Data excerpts:
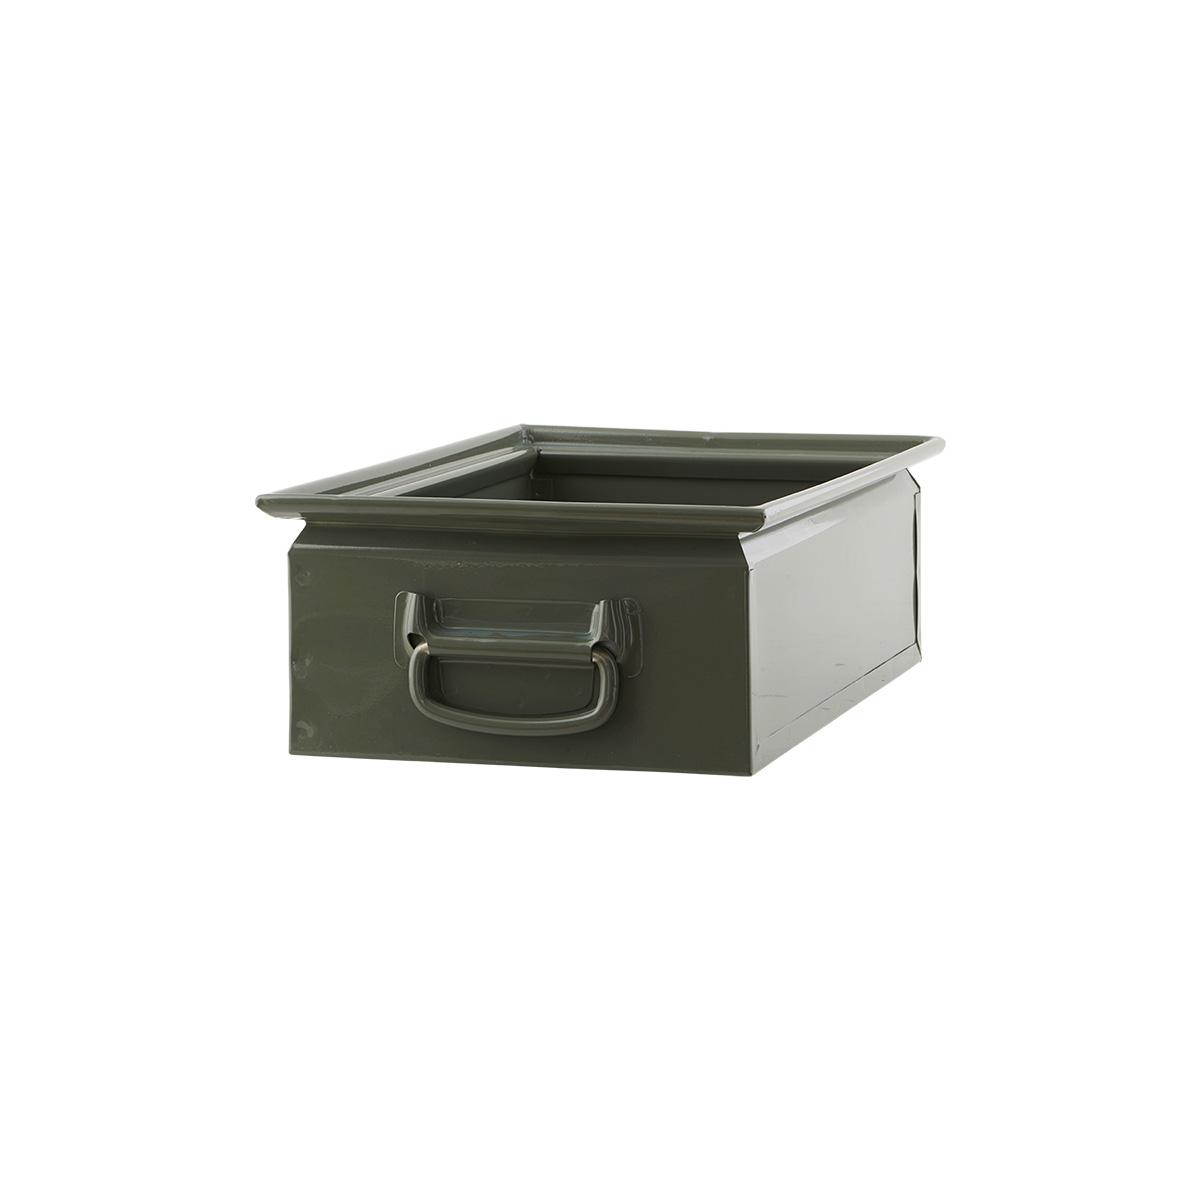 storage box 2 army green 30x45x15cm house doctor su. Black Bedroom Furniture Sets. Home Design Ideas
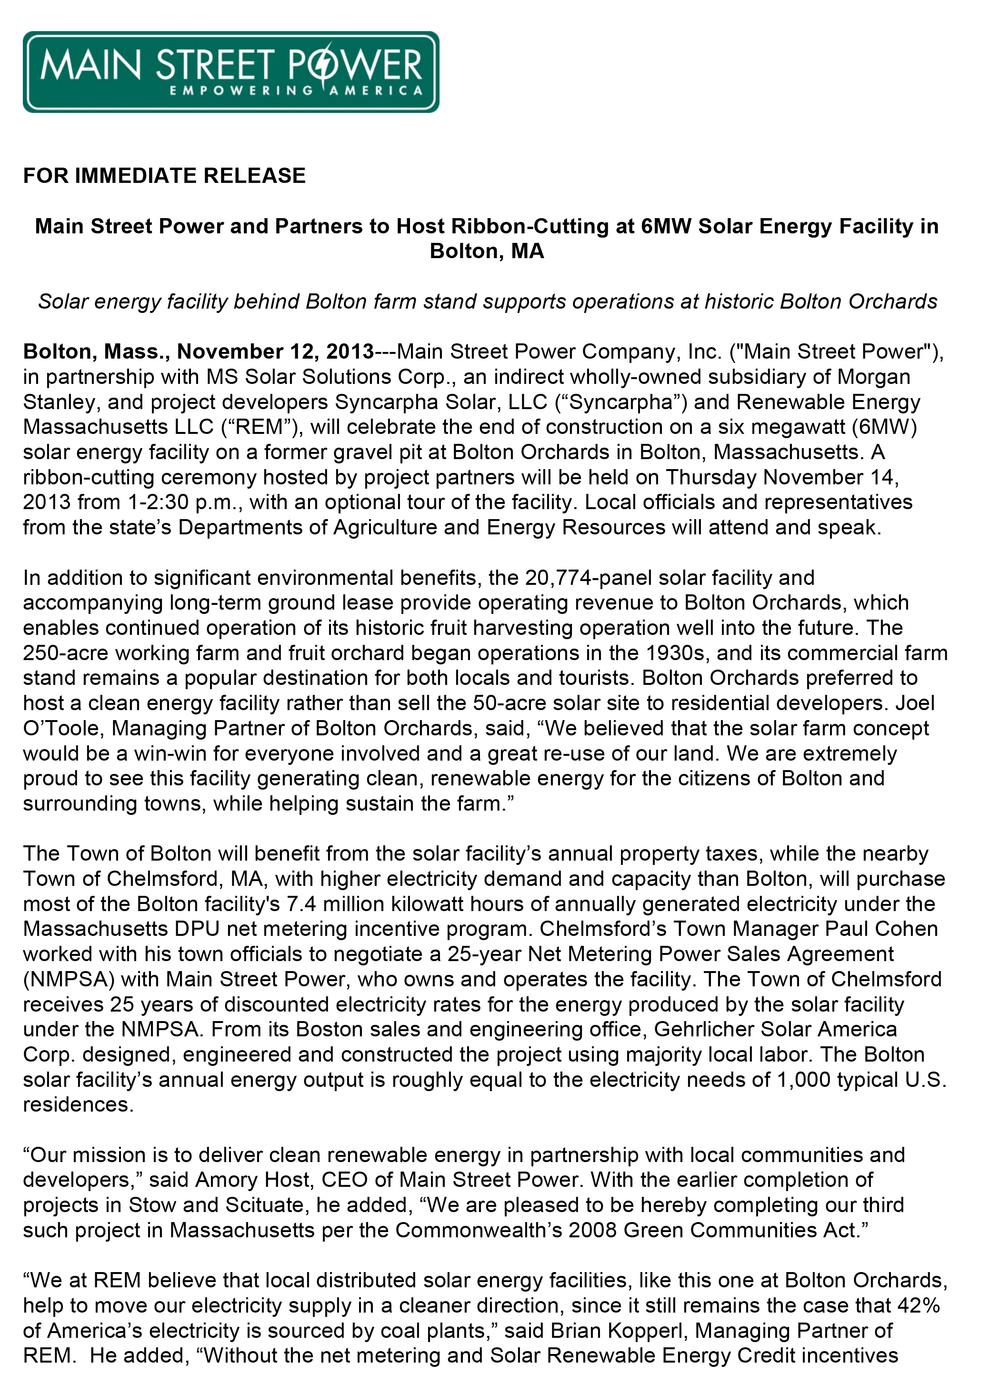 Bolton-Press-Release-11.12-- 1.jpg
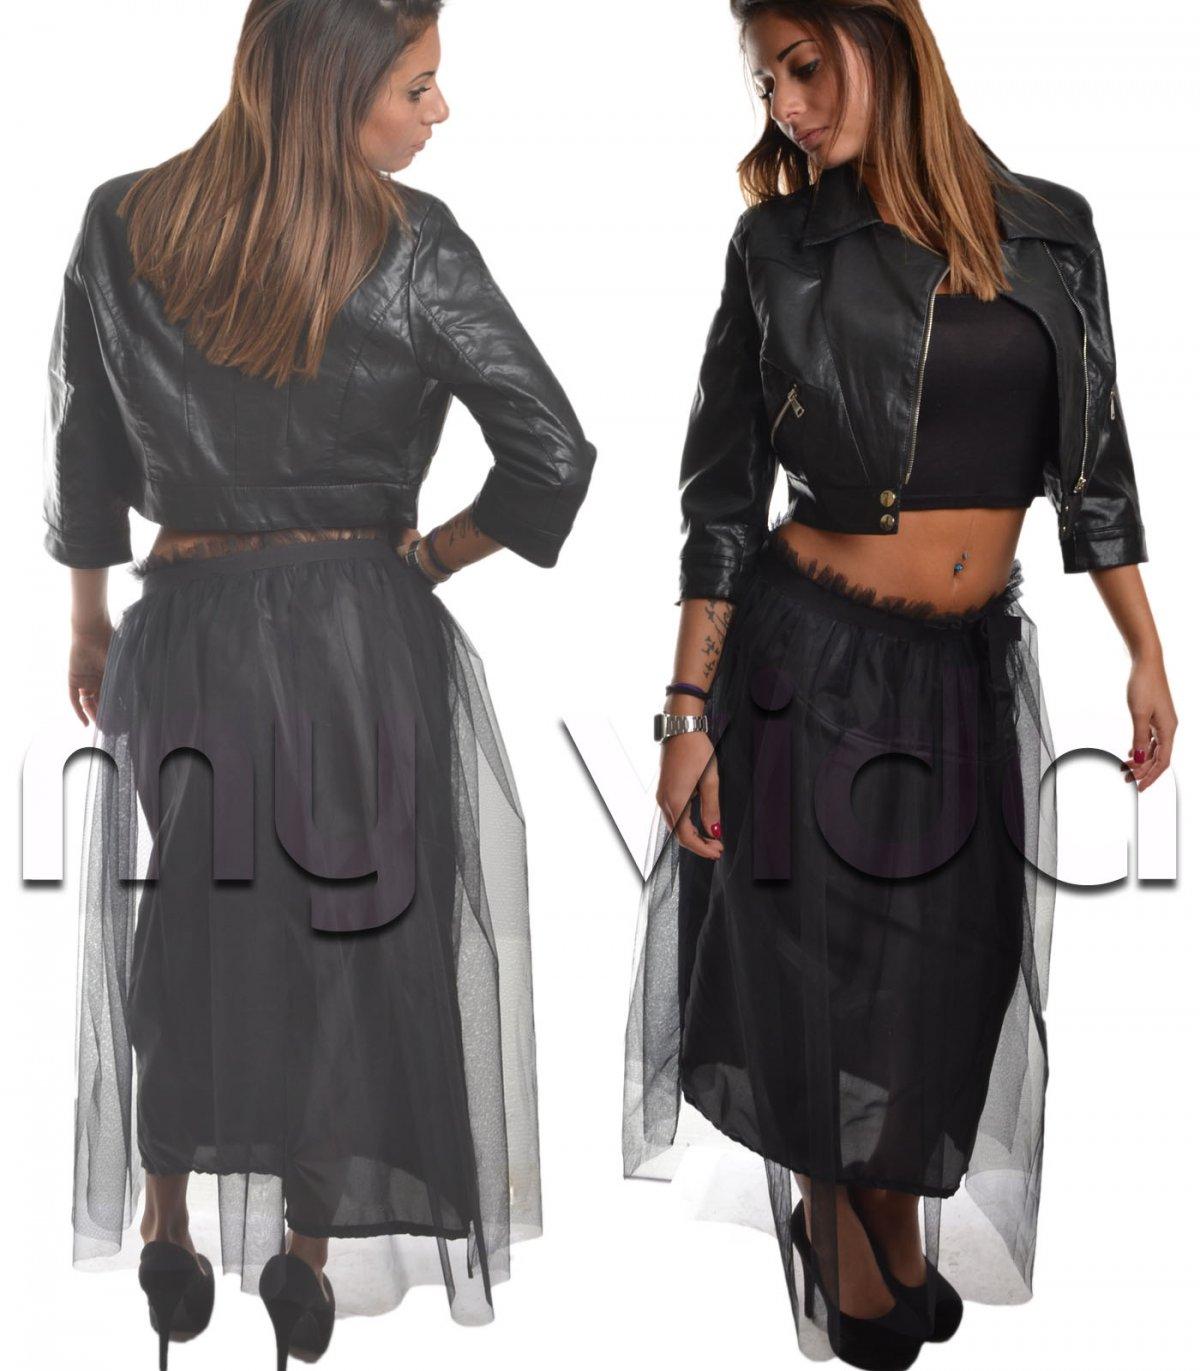 huge discount e0563 84634 Gonna tulle donna Rock skirt moda | My Vida
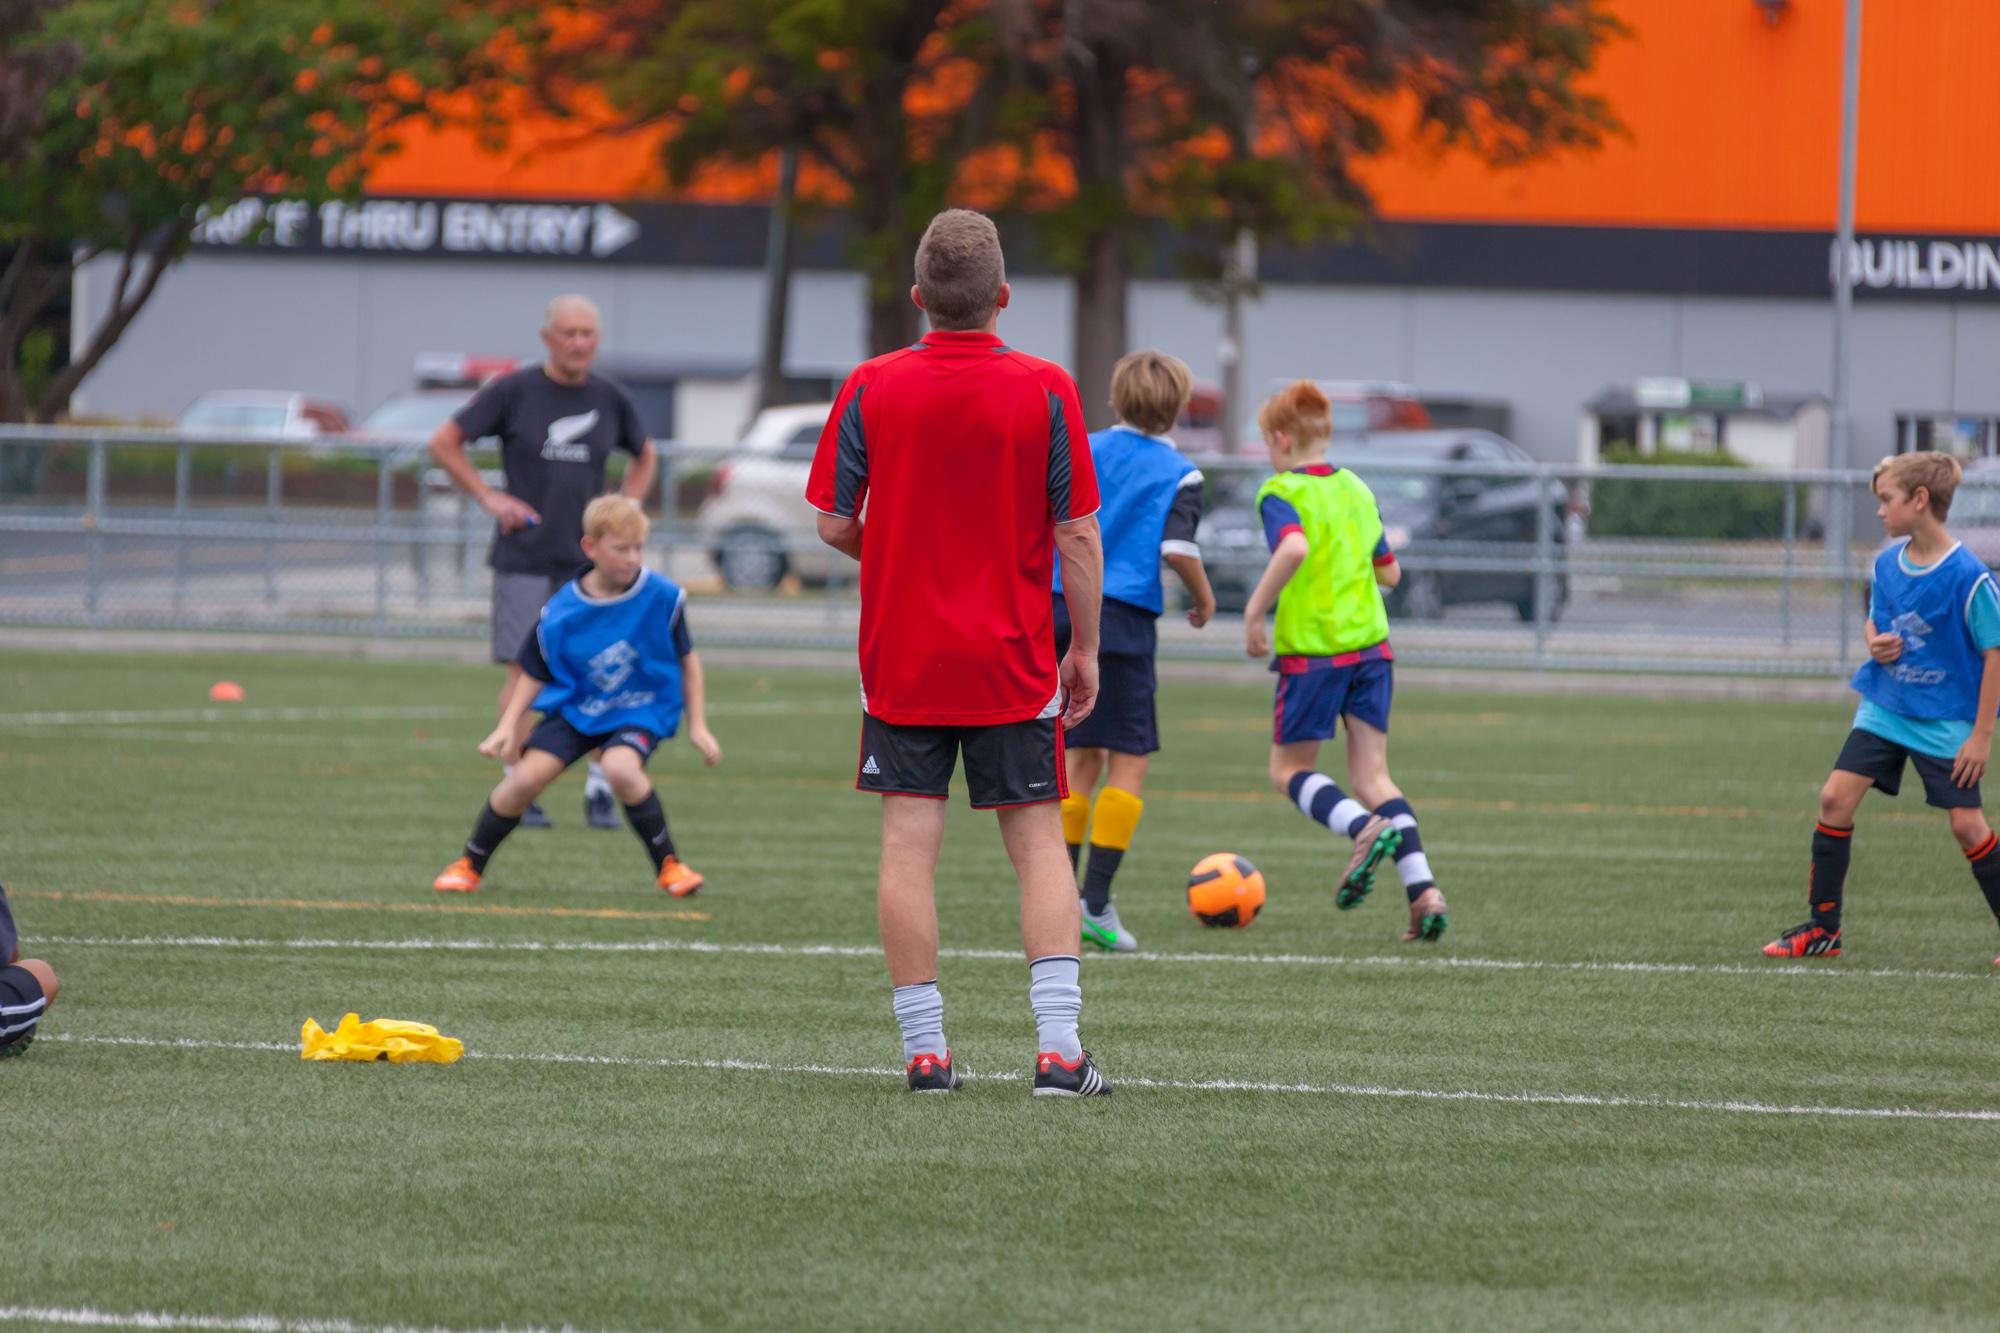 UHCC Soccer Coach 4476
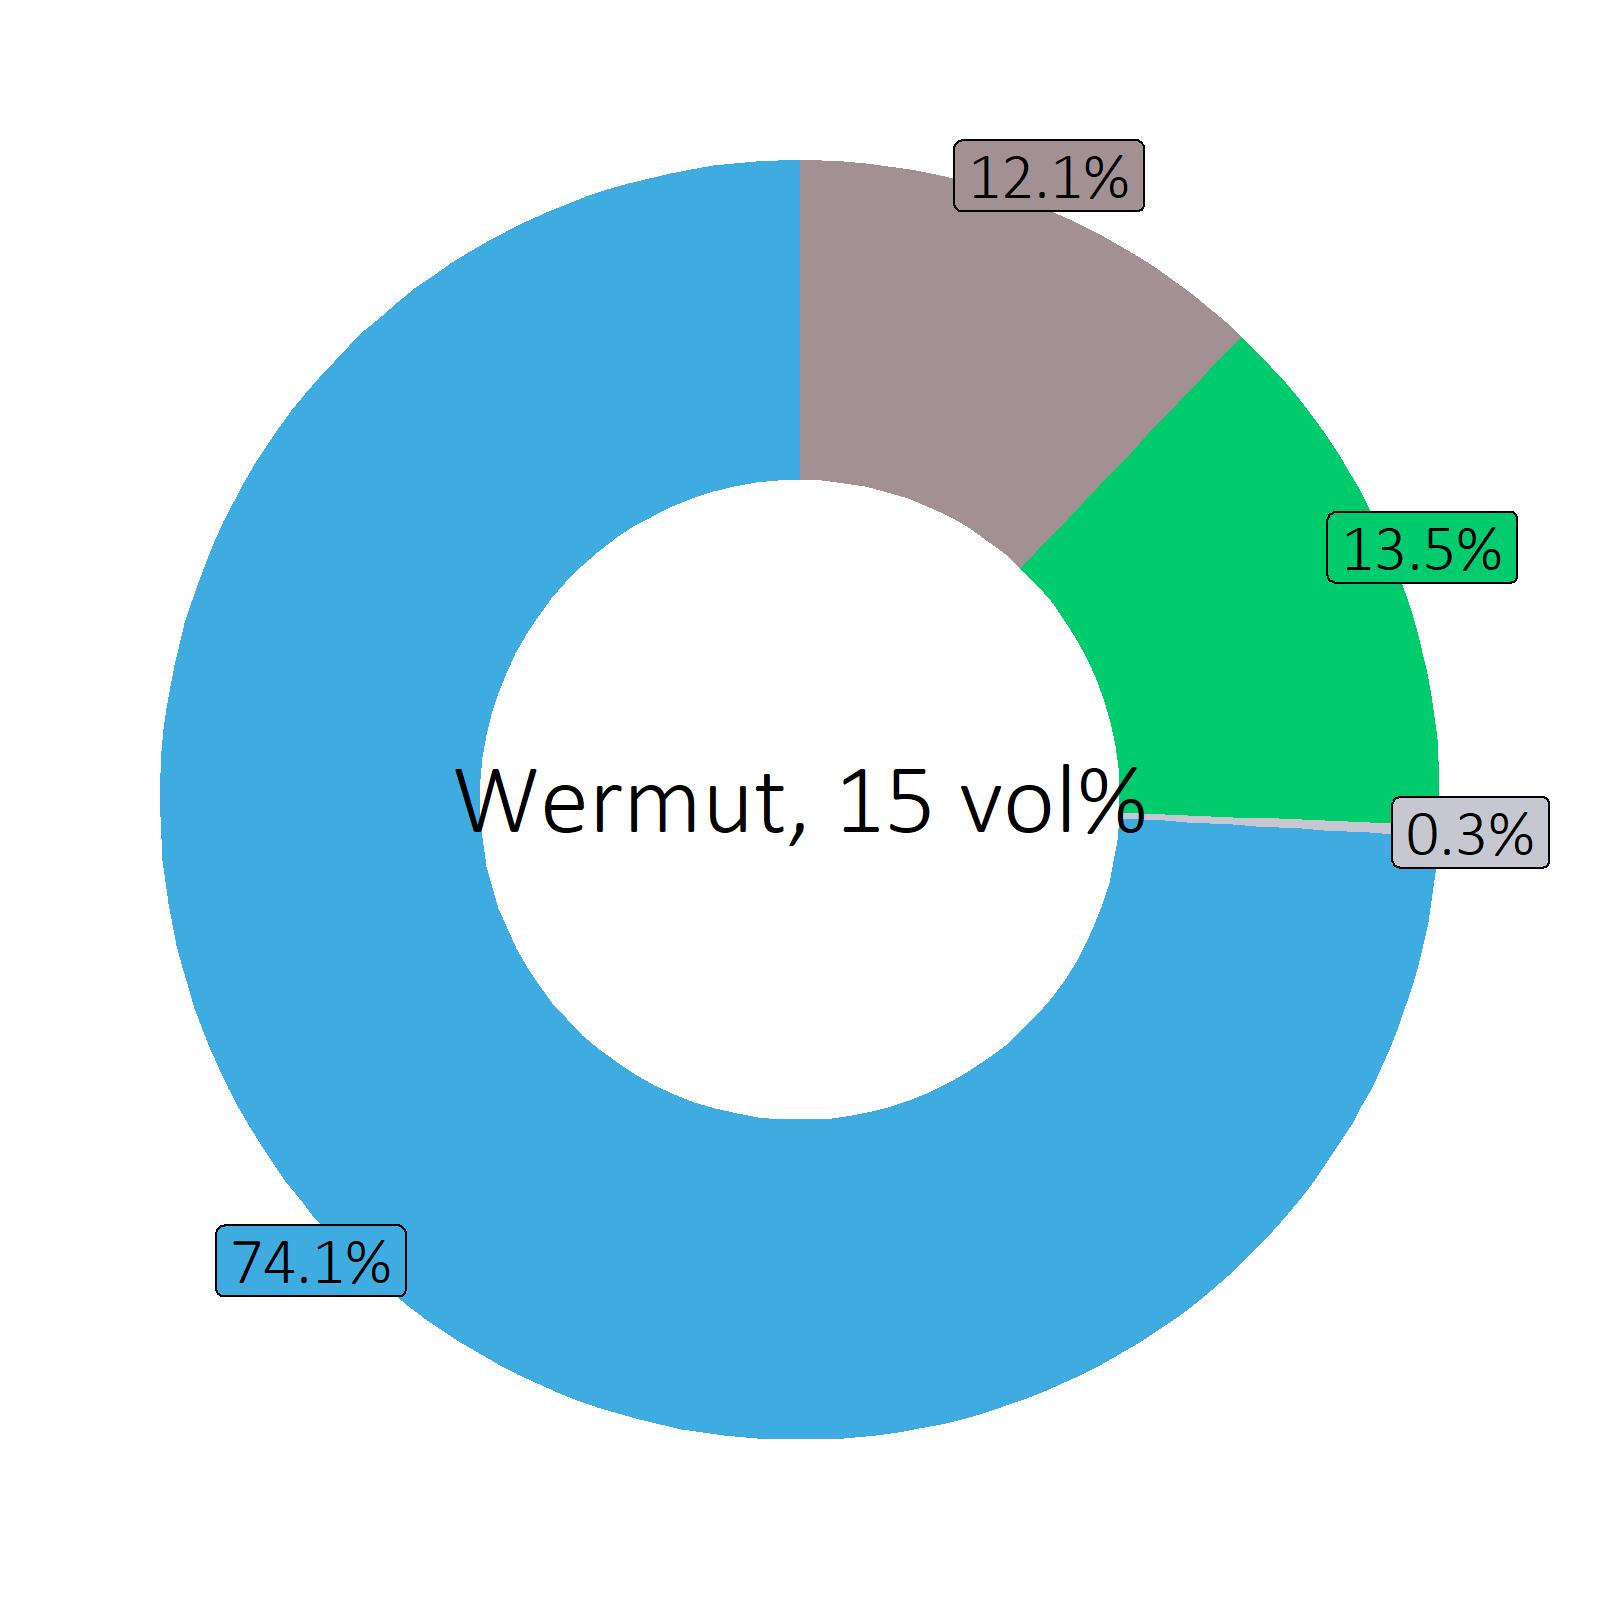 Bestandteile Wermut, 15 vol%

Task prompt — Word-for-word repeat, images excluded: return all the data.

Written solution —
 storage box 2 army green 30x45x15cm house doctor su. Black Bedroom Furniture Sets. Home Design Ideas
 Bolton-Press-Release-11.12-- 1.jpg
 huge discount e0563 84634 Gonna tulle donna Rock skirt moda | My Vida
 UHCC Soccer Coach 4476
 Bestandteile Wermut, 15 vol%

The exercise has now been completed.